#### [DATA]
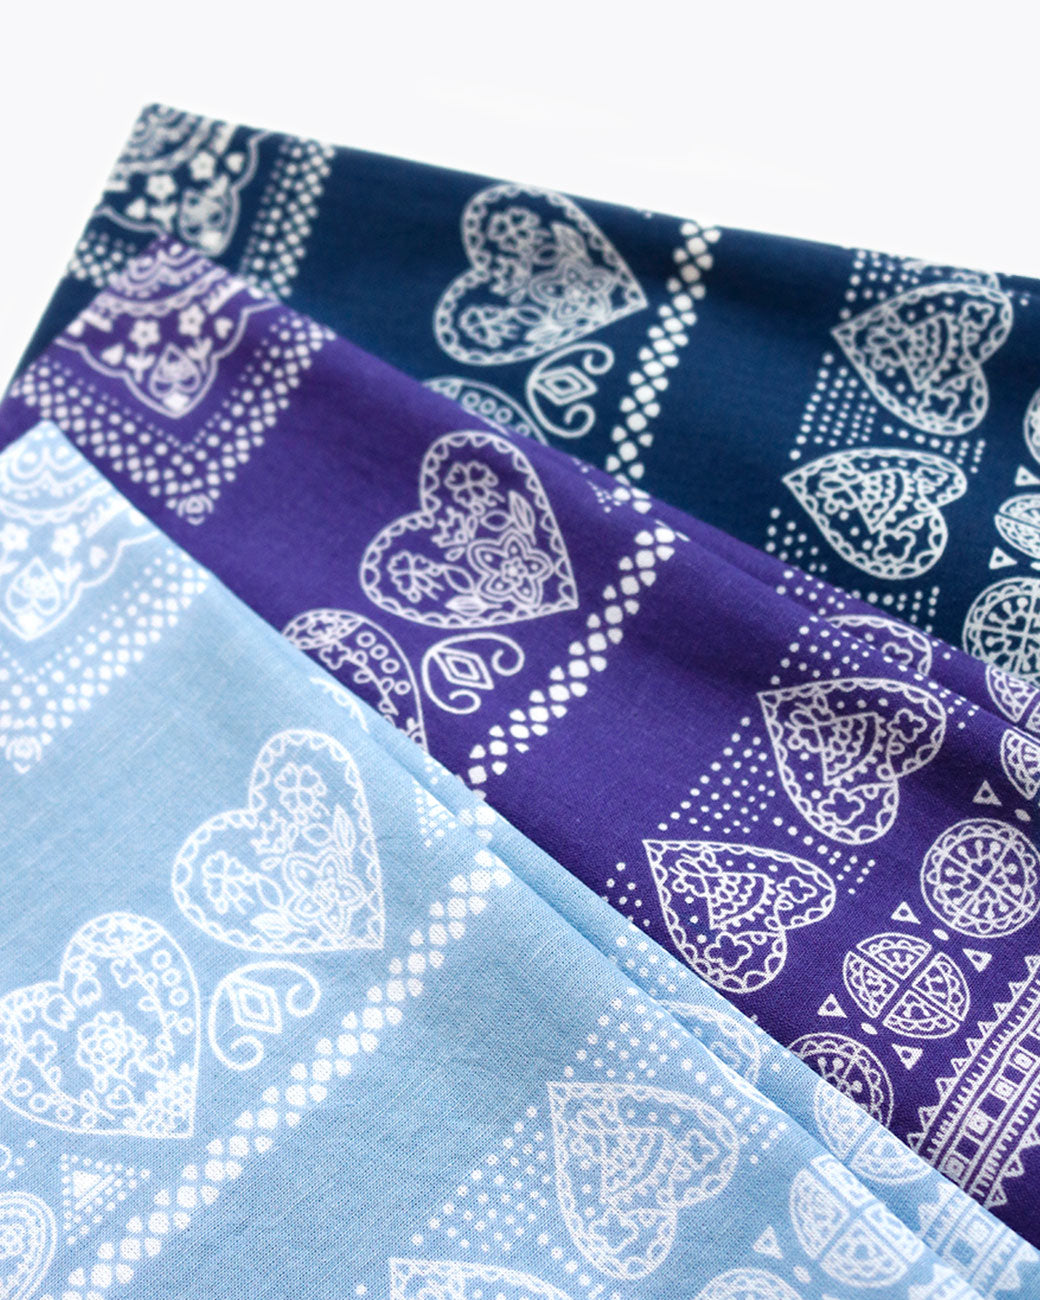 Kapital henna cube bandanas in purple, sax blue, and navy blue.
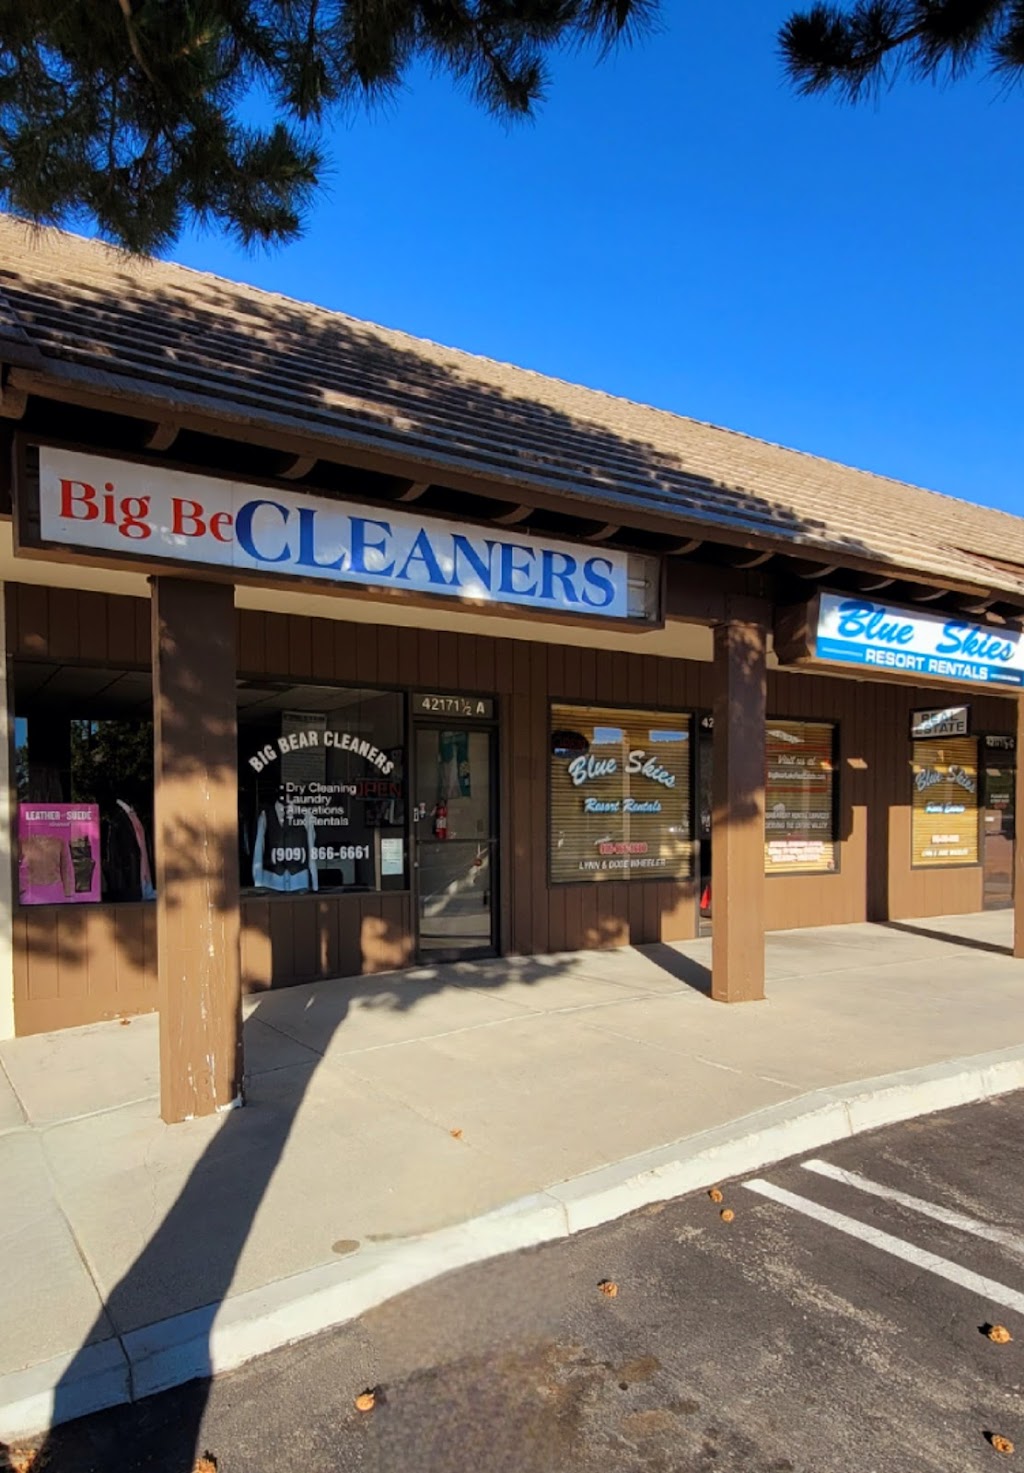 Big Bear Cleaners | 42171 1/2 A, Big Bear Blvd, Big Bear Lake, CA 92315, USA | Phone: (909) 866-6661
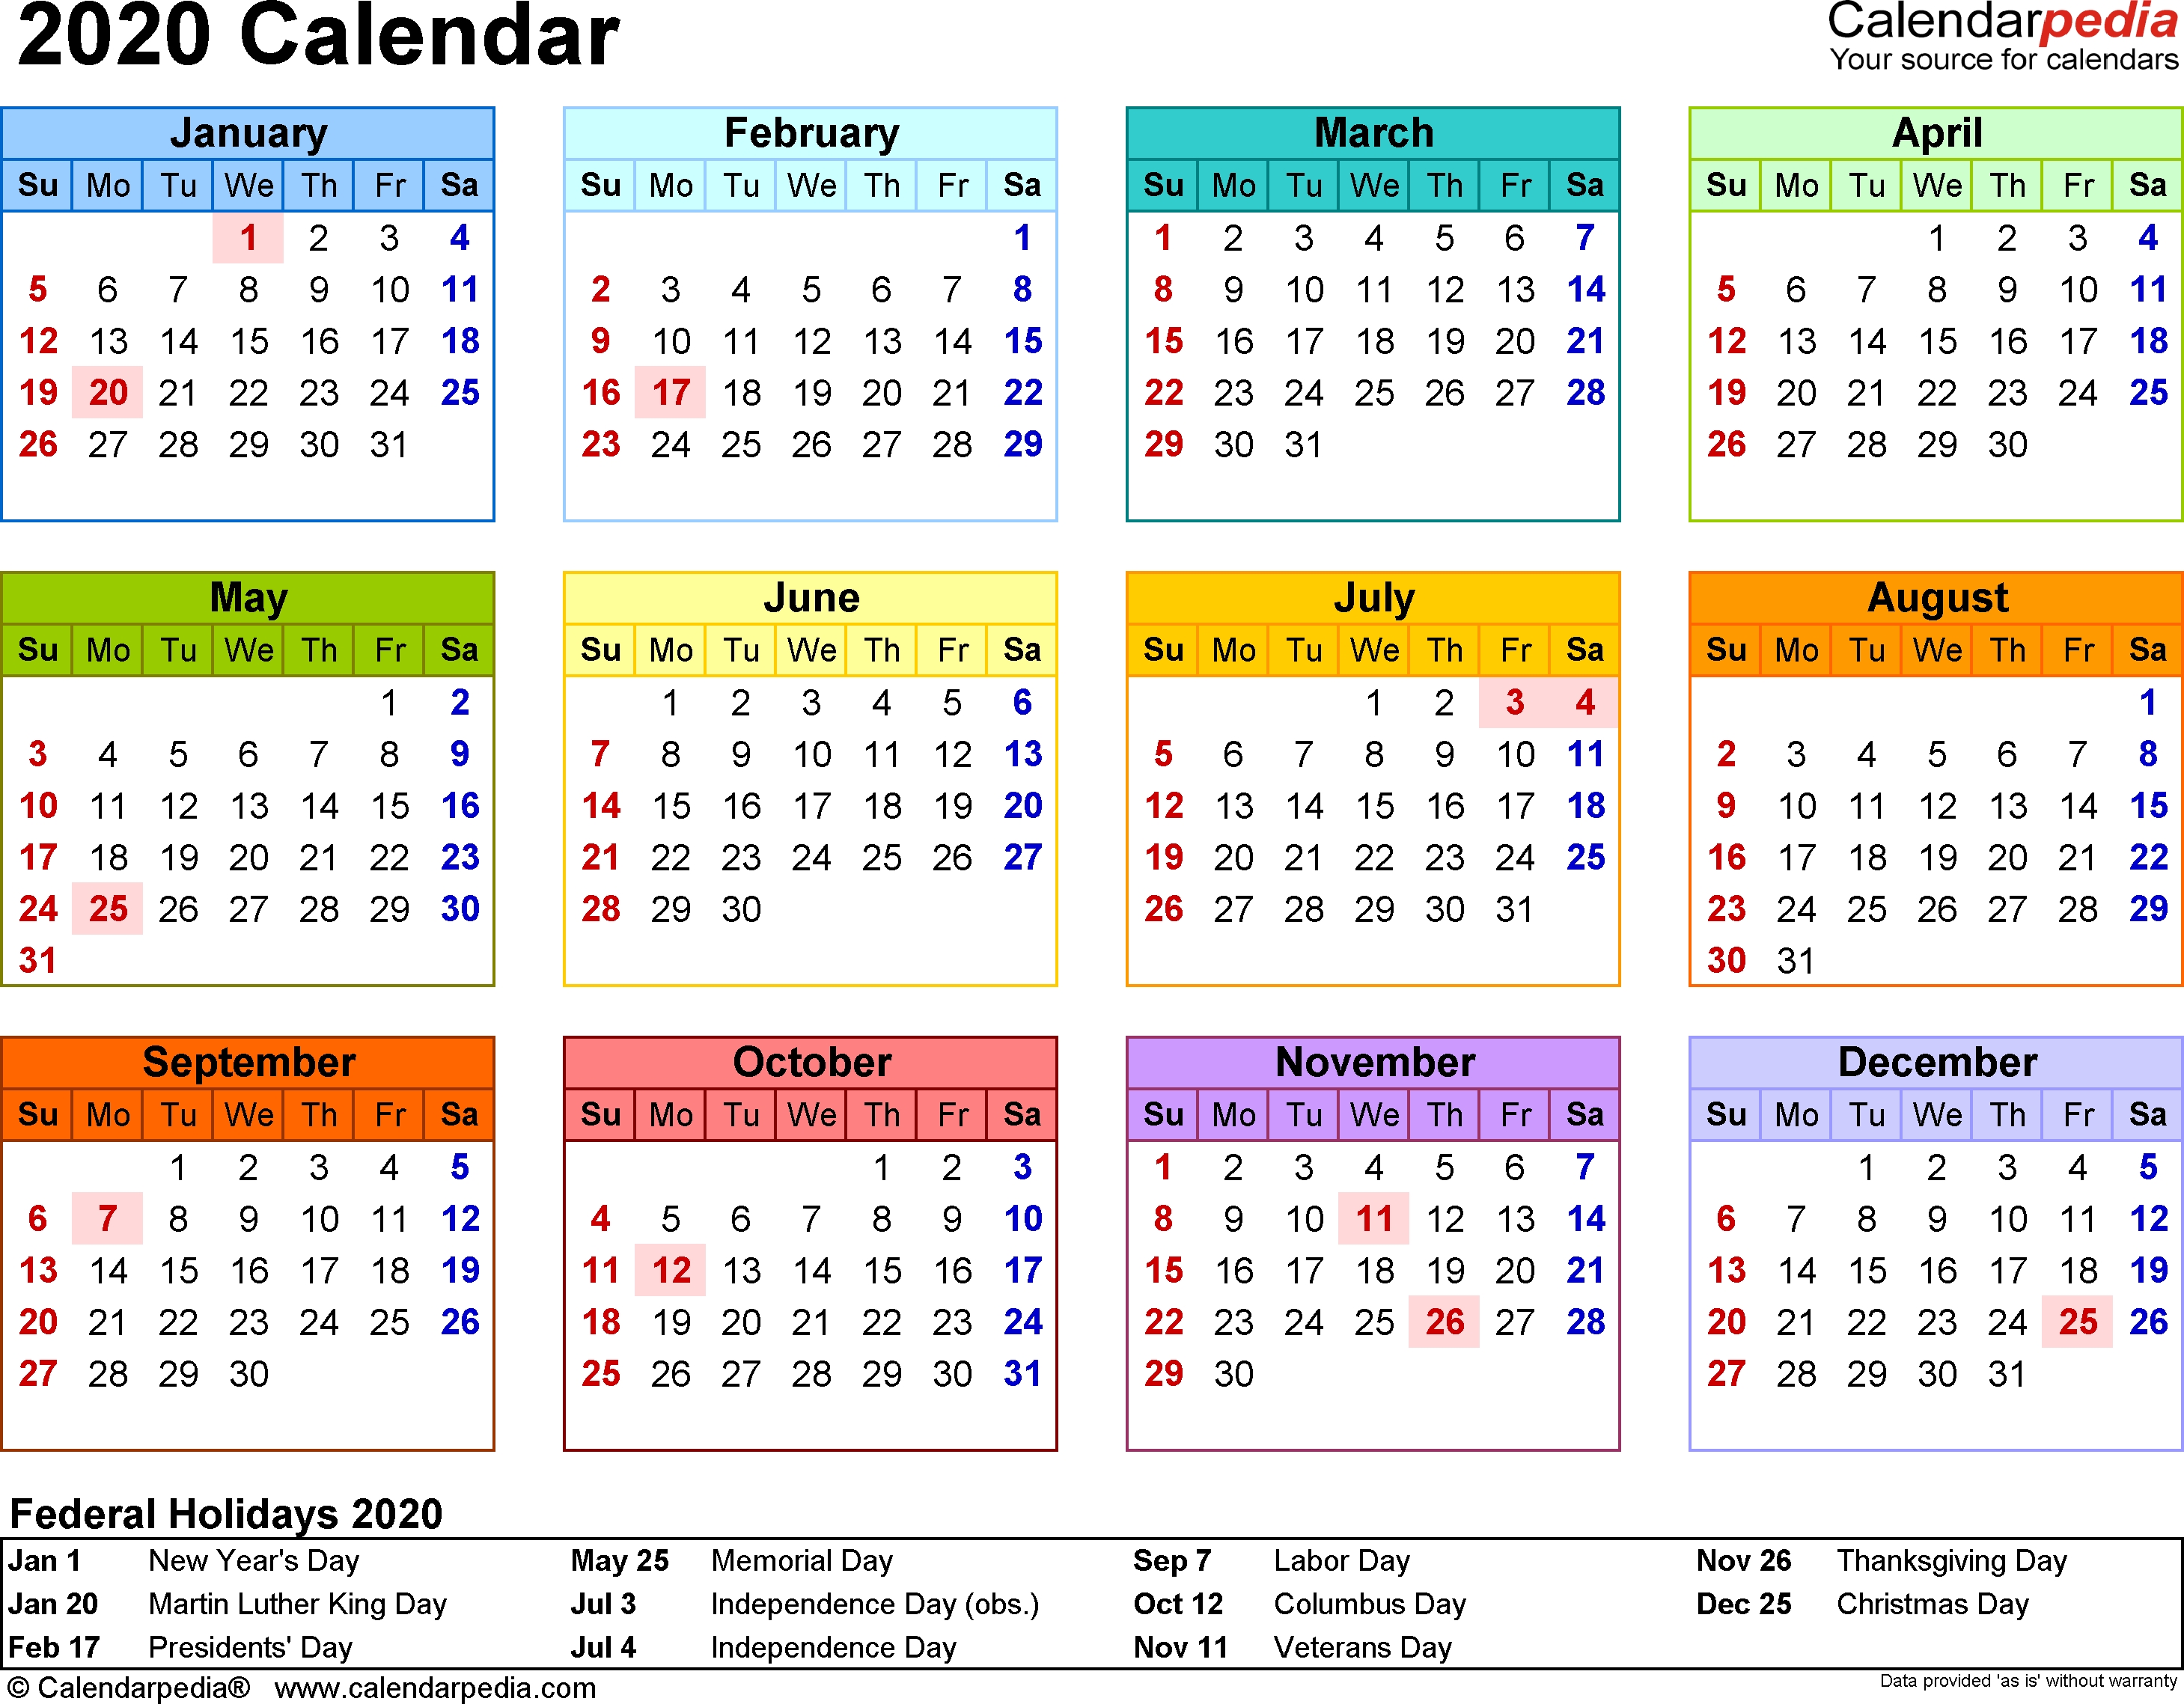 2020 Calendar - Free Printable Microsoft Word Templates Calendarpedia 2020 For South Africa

#### [YOUR ASSIGNMENT]
Every line above must be printed again exactly, pictures excluded.

#### [RESPONSE AREA]
 Kapital henna cube bandanas in purple, sax blue, and navy blue.
 Big Bear Cleaners | 42171 1/2 A, Big Bear Blvd, Big Bear Lake, CA 92315, USA | Phone: (909) 866-6661
 2020 Calendar - Free Printable Microsoft Word Templates Calendarpedia 2020 For South Africa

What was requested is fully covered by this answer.